= Gregg Saretsky =

Canadian airline executive

Gregg Saretsky (born 1959 in Châteauguay, Quebec) is a former president and CEO of WestJet, a carrier based in Calgary, Alberta.
He served in that position from April 2010 to March 8, 2018, after the resignation of Sean Durfy.

==Early life and education==
He grew up in a Montreal suburb to a French mother and a German father. He moved with his family to Richmond, British Columbia in 1970. He acquired a Bachelor of Science in microbiology and biochemistry in 1982 and a master of business administration in 1984, both at University of British Columbia.

==Career==
From 1985 to 1998, he worked for Canadian Airlines, rising to vice president roles for Airports and Marketing. From 1998-2008 he was an executive at Seattle based Alaska Airlines.

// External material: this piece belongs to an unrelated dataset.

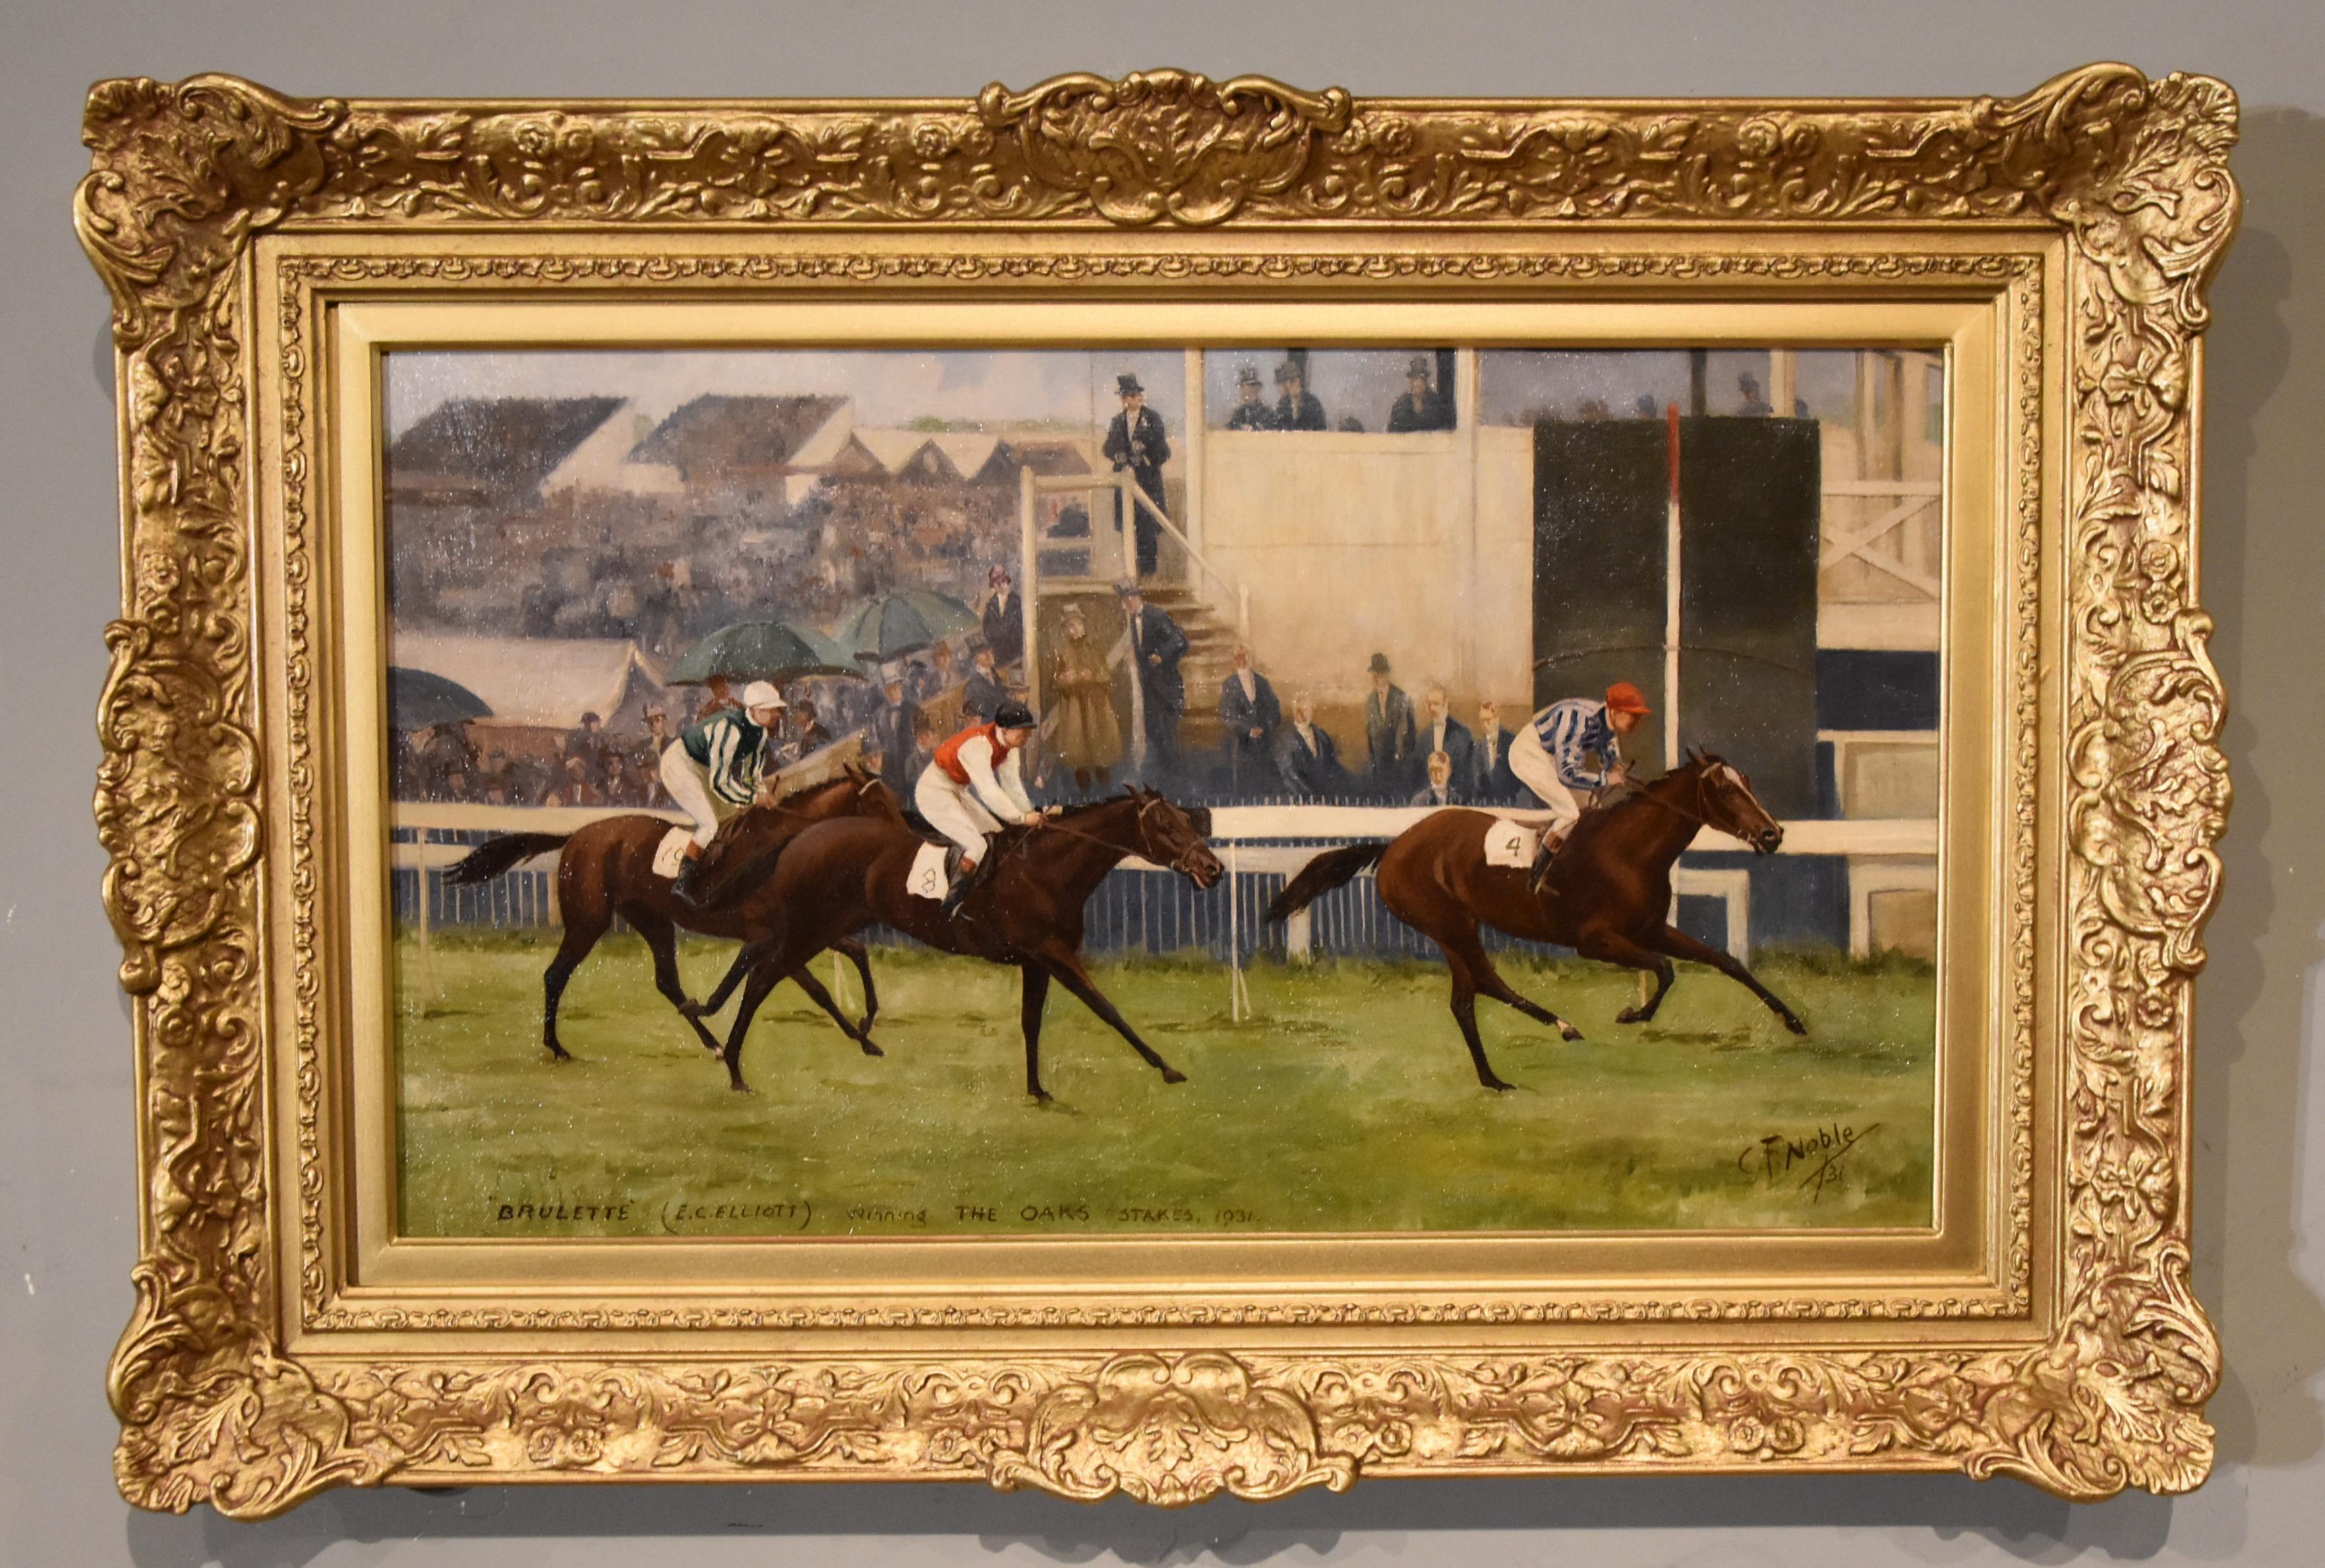 Peinture à l'huile de Charles Frederick Noble  "Brulette (E.C.Elliot) remportant les Oak Stakes en 1931"" 1920 - 1931 Peintre de Hampstead, au nord de Londres, auteur de scènes dramatiques de courses et de chasses, ainsi que de foires aux chevaux.

In mid 2009 he joined WestJet as vacation vice-president; in April 2010 he became CEO of the airline.

==Awards and recognitions==
- Business Person of the Year for 2012 by Alberta Venture magazine.
Top New Canadian CEO 2013, Canadian Business Magazine

==Personal life==
Saretsky is married and has three children. He has also two older brothers who are commercial pilots, one with Cathay Pacific and the other with Air Canada.